The Castle in the Forest
by Norman Mailer
Random House, HK$270
At 84, Norman Mailer has an incredible hunger to be read and to book his seat among the highest class of writers. The flak Mailer has defied for almost 60 years has goaded the American. John Updike, 75, appears from his dotage only when the world hits a crisis worthy of a writer with his trophies. Last year's Terrorist was just a respectable Updike novel. After extolling the American of his day, Updike seemed unwilling to give his contemporary characters blood.
About the same time, Mailer had a quick shot at the Bush administration and the fallout from September 11 in The Big Empty, a series of interviews with his son. But that book was merely a break from working on a trilogy of novels that should take in just about every form of evil mankind could engineer.
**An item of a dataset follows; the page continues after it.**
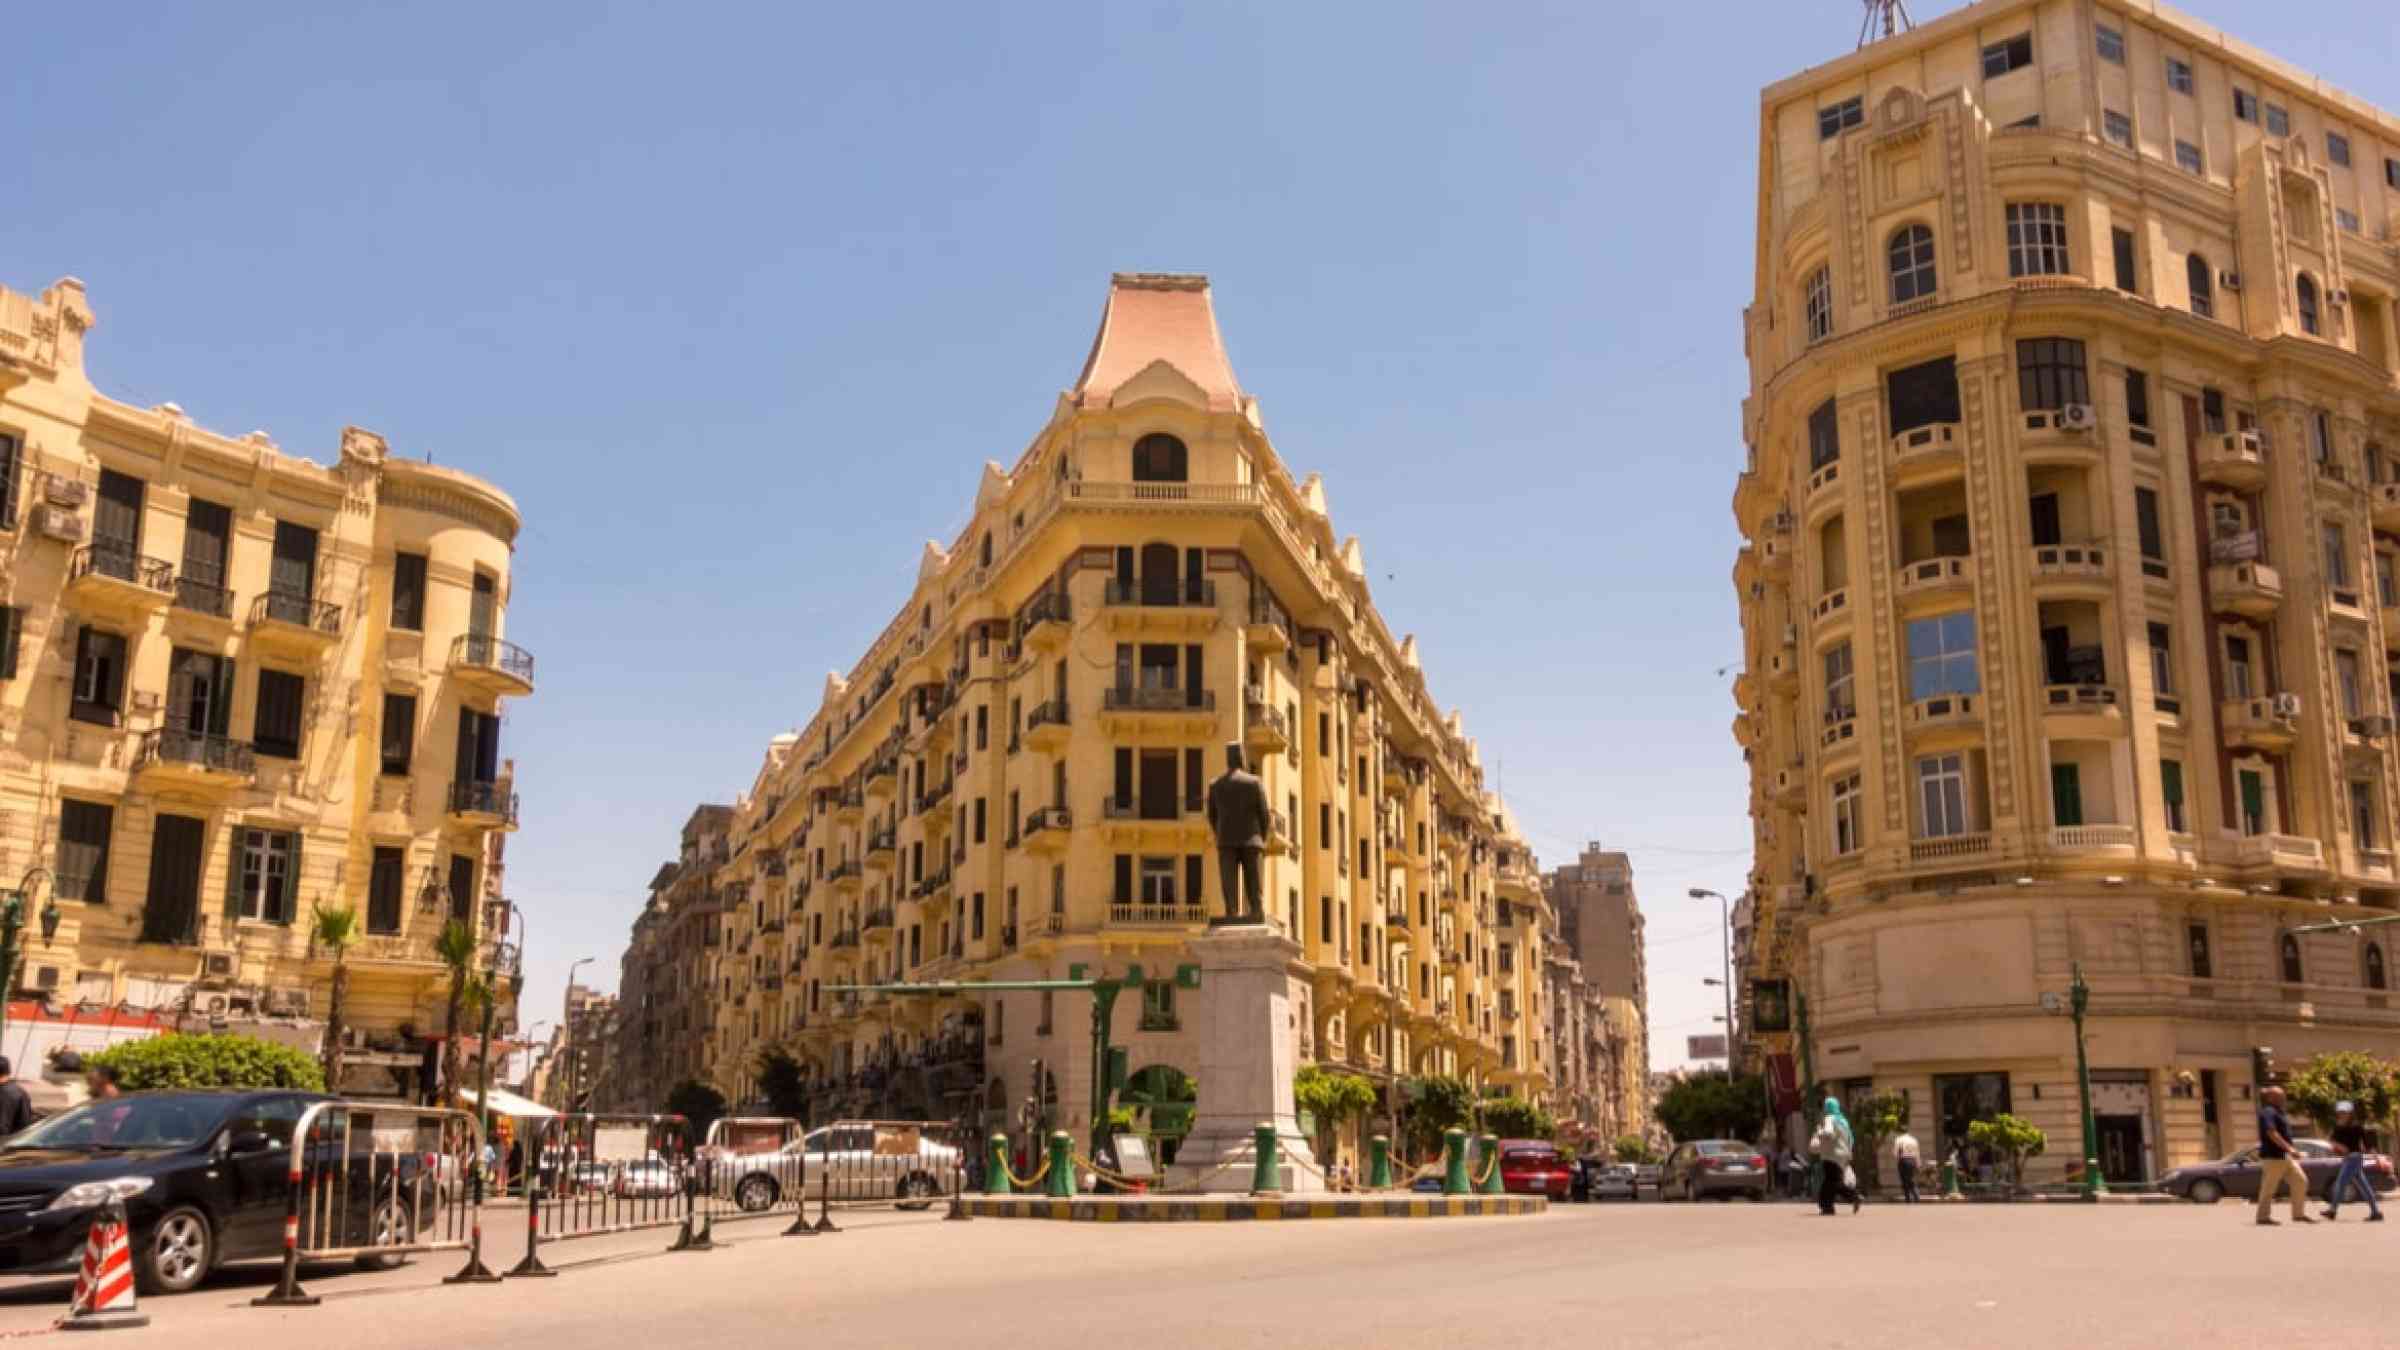 Talaat Harb square in Cairo, Egypt

Mailer usually devotes his novels to the sins and virtues of major players: generals, politicians, killers, athletes and artists. His last novel, The Gospel According to the Son, an exposition of Jesus Christ, is usually cited as his worst. Most writers would take that as advice to slow down. Mailer was inspired to take on the Bible's other lead role, Satan, and one of his malignant earthly monsters, Adolf Hitler.
The first of the trilogy, The Castle in the Forest, opens with narration by Dieter, an SS officer and a mid-ranking devil in the service of the Maestro, who we can only guess is Satan. Dieter is the bad angel assigned to sit on the shoulder of young Adolf and bring out his malevolent potential. He has the ultimate view of the Fuhrer's rise.